0:34:59 > 0:35:01So how did you go about designing a sailing vessel

0:35:01 > 0:35:04that is able to tow something like that upwind?

0:35:04 > 0:35:07So imagine this is a conventional sail boat

0:35:07 > 0:35:11and a conventional sail boat has a rudder at the back.

0:35:11 > 0:35:14So imagine you have something very, very long behind,

0:35:14 > 0:35:17it's going to be really difficult and very ineffective to move that part here.

0:35:17 > 0:35:19You can't manoeuvre the boat?

0:35:19 > 0:35:22So what we did is that we took the rudder that's normally here

0:35:22 > 0:35:25at the back and brought it at the front, right here,

0:35:25 > 0:35:28and so you can imagine, if you have something long and heavy behind,

0:35:28 > 0:35:31you already have a lot more influence in controlling this part.

0:35:31 > 0:35:34And then we kept adding a rudder, and at some point we were like,

0:35:34 > 0:35:36what if we make the whole boat curve

0:35:36 > 0:35:40and the whole boat becomes the organ of control, so we have more control

0:35:40 > 0:35:43over something long and heavy, it would be a lot more.

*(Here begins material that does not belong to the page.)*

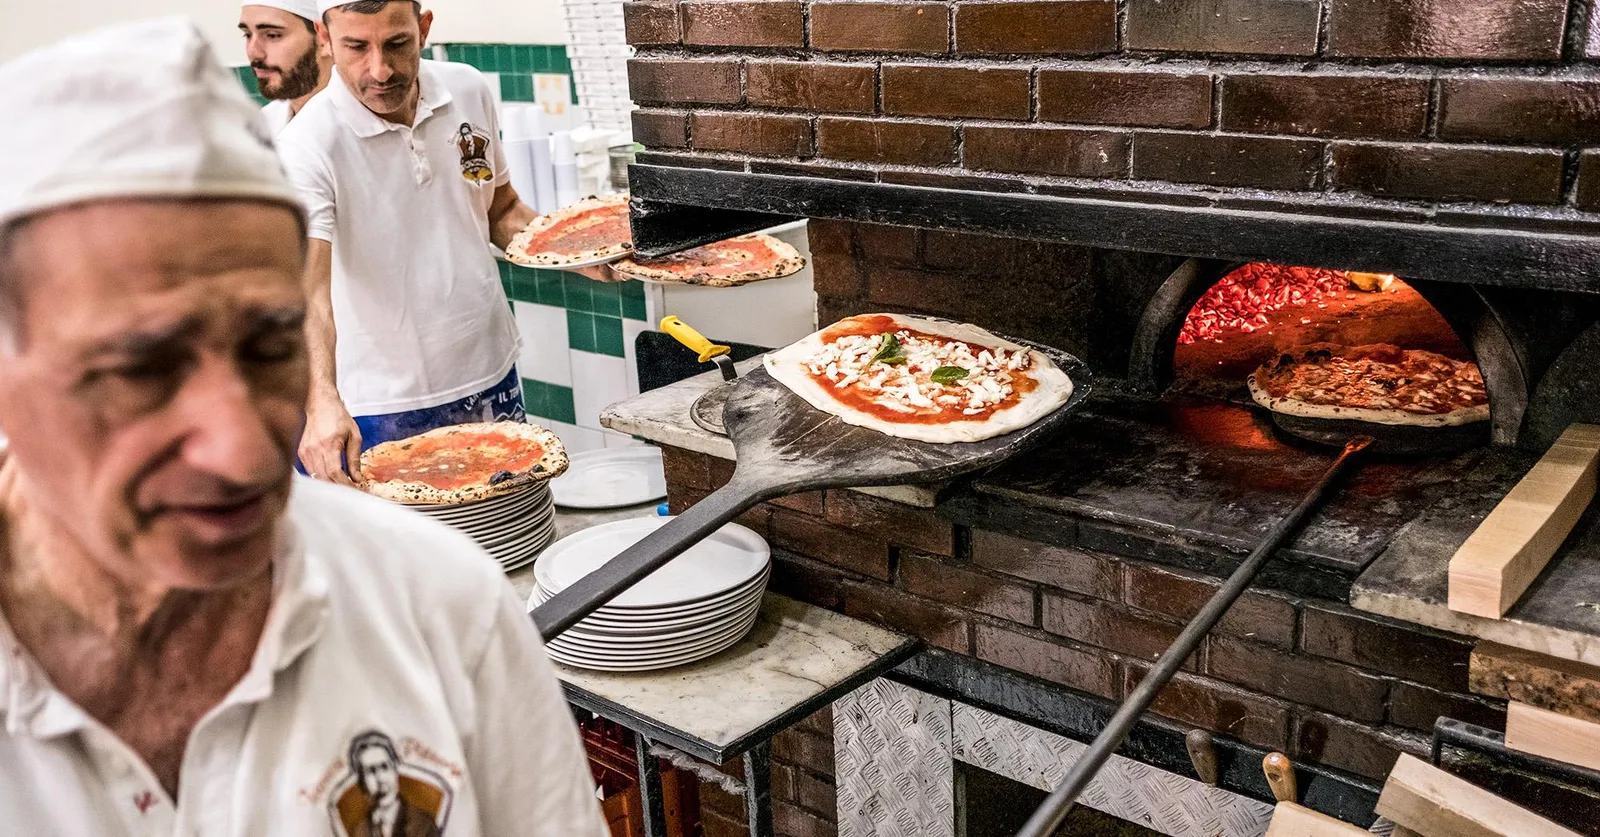  Fresh Hot Pizza Flag Pizzeria Italian Restaurant

0:35:43 > 0:35:46So the whole hull is flexible, the entire thing?

0:35:46 > 0:35:50- It resembles some kind of skeleton of a dinosaur or something.- Yeah!

0:35:53 > 0:35:55Cesar had a brilliant idea,

0:35:55 > 0:35:59but neither the technical skills nor the hard cash to bring it to life.

0:35:59 > 0:36:04So he did something which I think is pretty radical for an inventor.

0:36:04 > 0:36:07He shared his idea on the internet,

0:36:07 > 0:36:11opening it up to collaborators for free.

0:36:13 > 0:36:16I started posting it on a website and some scientists

0:36:16 > 0:36:18and engineers just started looking at this and thinking it has

0:36:18 > 0:36:21a lot of potential and people were really excited about it.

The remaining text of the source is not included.